Primary Title: Scientist

Additional Titles & Affiliations:

RESEARCH TOPICS

Stem Cells, Cell Therapy, Synthetic Biology, Bioinformatics, Leukemia

Our mission is to develop safe, effective and affordable cell therapies for cancer and inflammatory disease

Research Summary

We use stem cells as a renewable resource to understand how immune cells develop and function. High dimensional single cell profiling, lineage tracing and perturbation screens allow us to understand the signalling networks and gene expression programs that control immune cell identity. We are using this knowledge to engineer better immune cell therapies and to understand how mutations corrupt cell identity to initiate leukaemia.

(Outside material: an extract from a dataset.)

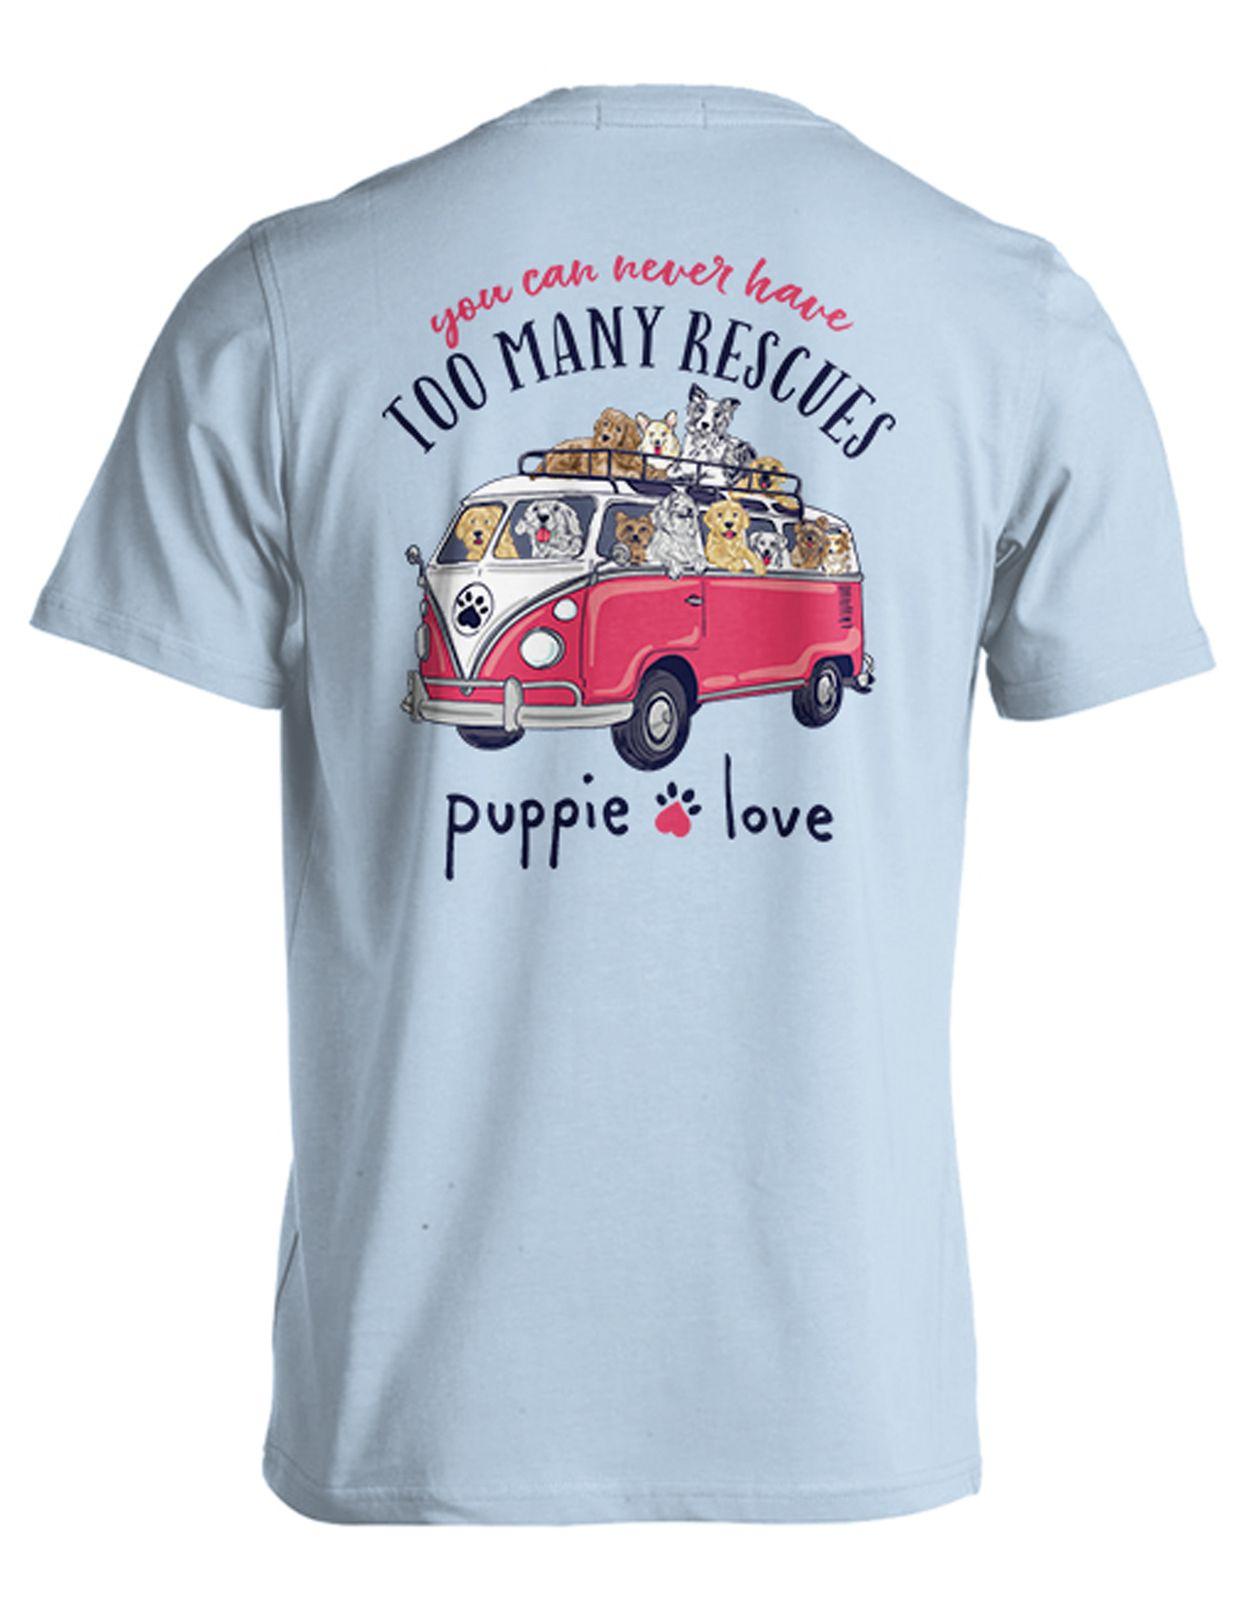 Puppie Love Rescue Dog Adult Unisex Short Sleeve Graphic T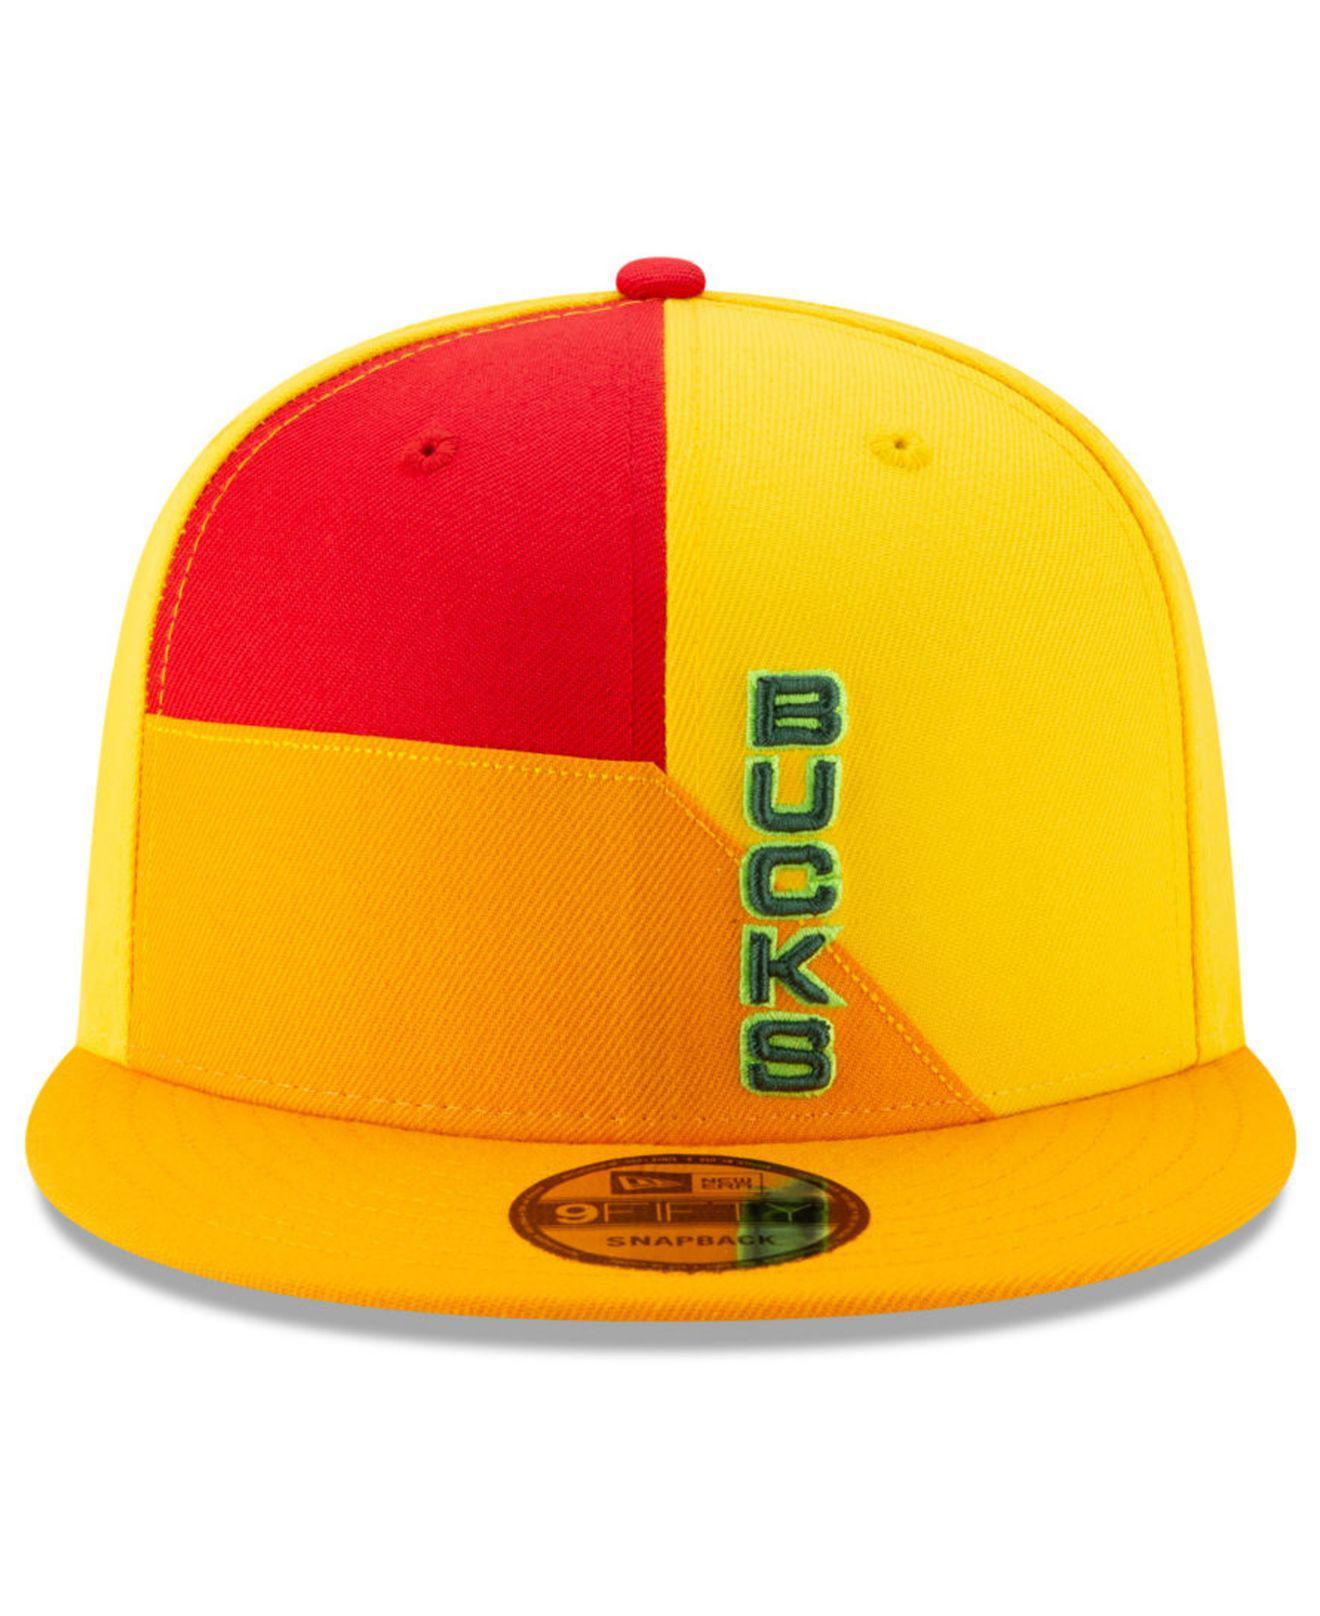 9f3c1024585 Lyst - KTZ Milwaukee Bucks City Series 2.0 9fifty Snapback Cap in Yellow  for Men

We are particularly interested in understanding how changes in the level and timing of gene expression impact immune cell differentiation and function. To answer this question, we are developing advanced synthetic biology tools for precisely engineering gene expression dynamics in human stem cells and immune cells. Our team has pioneered a technology called miSFITs that allows researchers to tune gene expression to within 1% of their desired level.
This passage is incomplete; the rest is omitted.